Student engagement helps me do my job; it also bolsters my morale. After all, I became an educator because I wanted to propel education — and students remind me what that means.
Remain involved in research, even if only as mentor. The greatest struggle for many administrators at research universities is staying current with their own research. For the first 10 years of my career, my focus was on my studies. I could put in a full workweek just in databases and archives. I wrote some dozen academic books and published many journal articles. I was twice elected by my peers to the central research committee in my field.
Then I turned to administration, and while I still publish magazine and newspaper essays, my scholarly productivity has crashed. At first I felt guilty, until I realized that helping other people achieve their research goals was even more satisfying than striving for my own.
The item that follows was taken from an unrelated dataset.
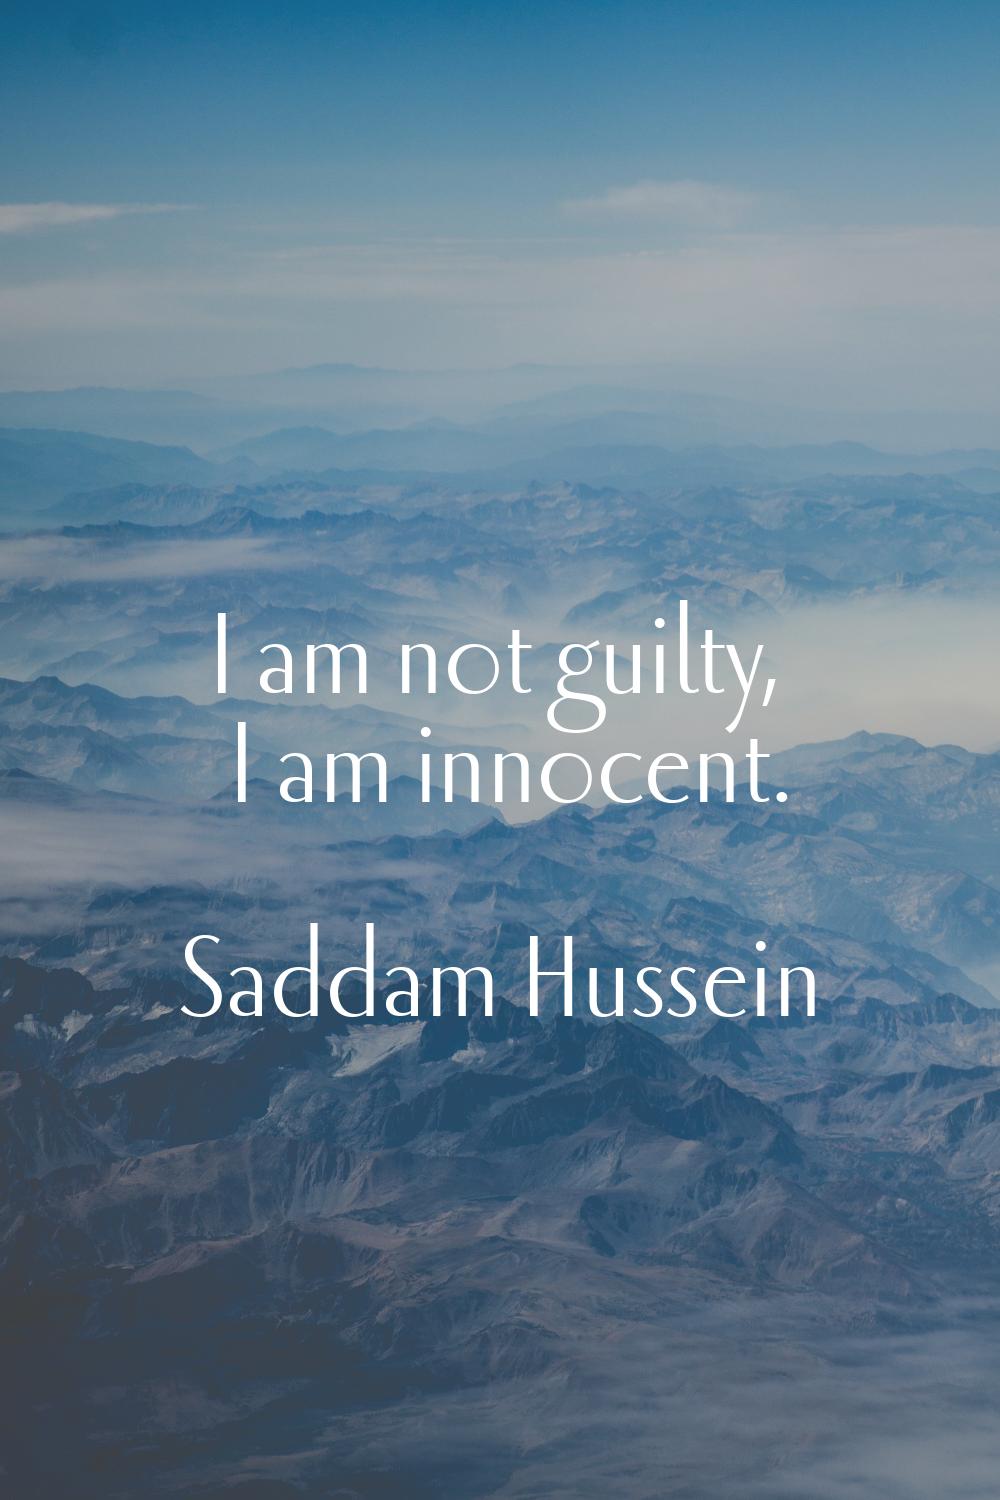 I am not guilty, I am innocent.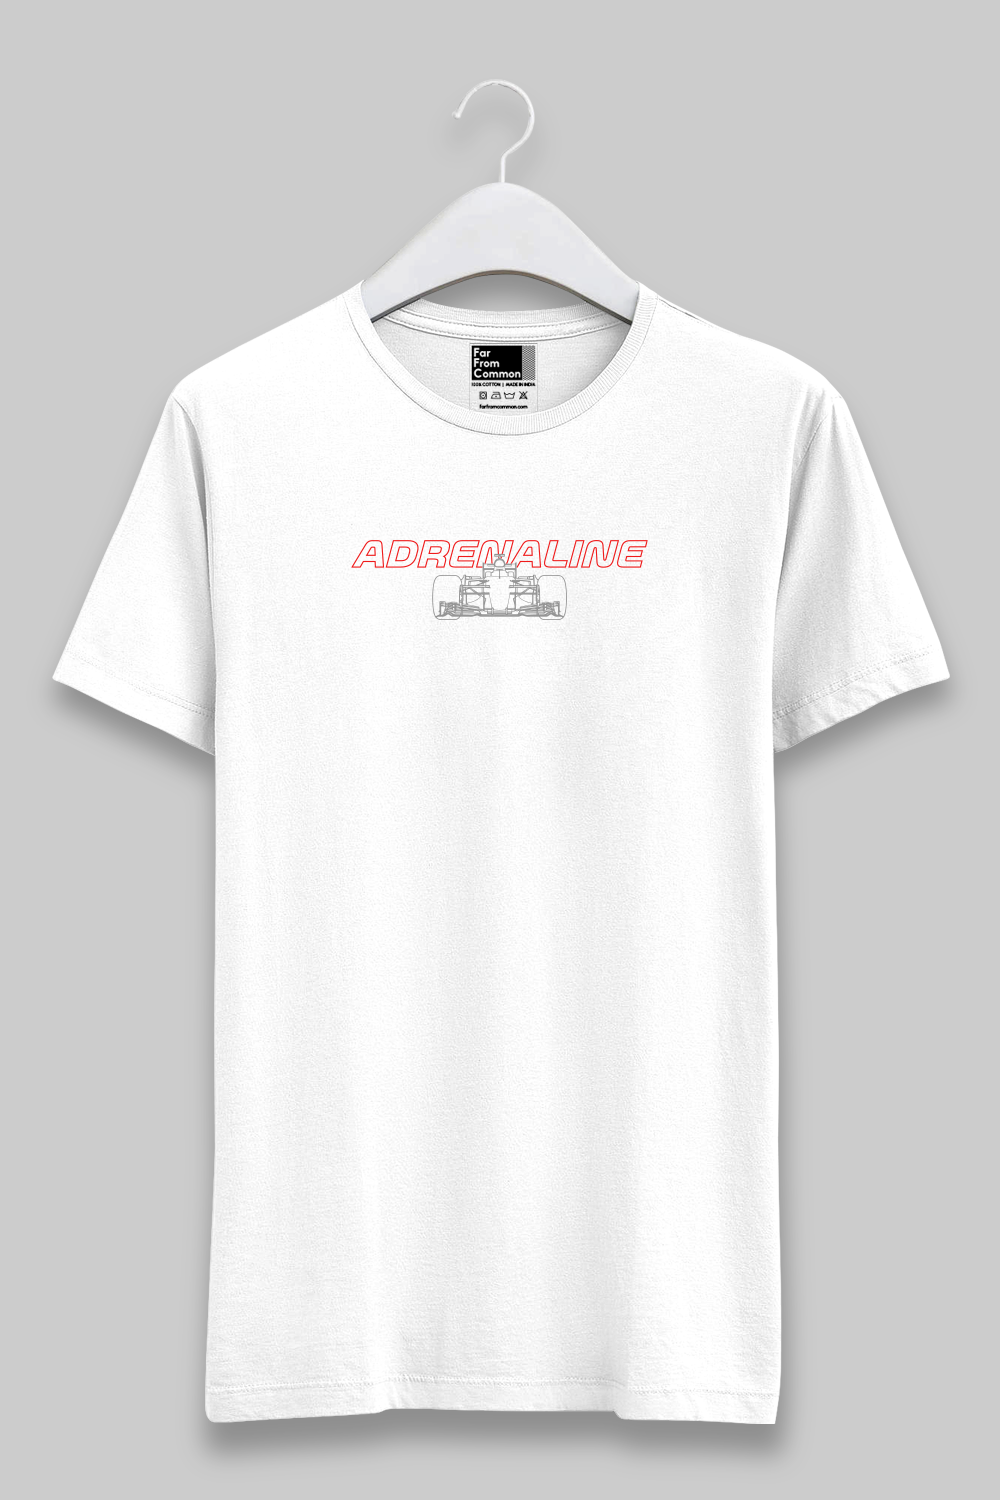 Adrenaline White Unisex T-shirt

I also found other outlets that were more in line with my diminished attention span but longer experience. In brief, I am a happy “last author.” If a doctoral student or assistant professor asks me, I enthusiastically collaborate. I explain up front that I can coach, guide, frame arguments, edit, choose the right journals, and write canny “revise and resubmit” letters. My days of long shifts in the archives are over, though. I feel stimulated by the shorter, shallower engagements but not overtaxed by the workload.
I decided, for my own selfish reasons, not to surrender some of the most satisfying elements of being a professor just because I am a dean. I don’t fool myself, however, that guest lecturing is the same as teaching a full class (with grading and office hours). Nor does a rewrite of an article in an academic journal equal the slog of completing a first draft. The point is not to pretend that I am still a full-time faculty member, but rather to not grow so distant from the faculty (and students) that I end up living on another planet.
Beyond the personal, I also see a problem for academe itself when administrators do nothing but administer. It is no secret that not a few academic leaders and faculty members hold “us vs. them” attitudes about each other. The cultural and caste divides on campuses concerning leadership, change, and governance are stark. Too many faculty members have no idea what administrators have to deal with — I did not, until I became one. And too many administrators have forgotten what the faculty perspective is. As much engagement with “the other” as you can muster is always beneficial, for ourselves and for higher education itself.
David D. Perlmutter is dean of the College of Media and Communication at Texas Tech University.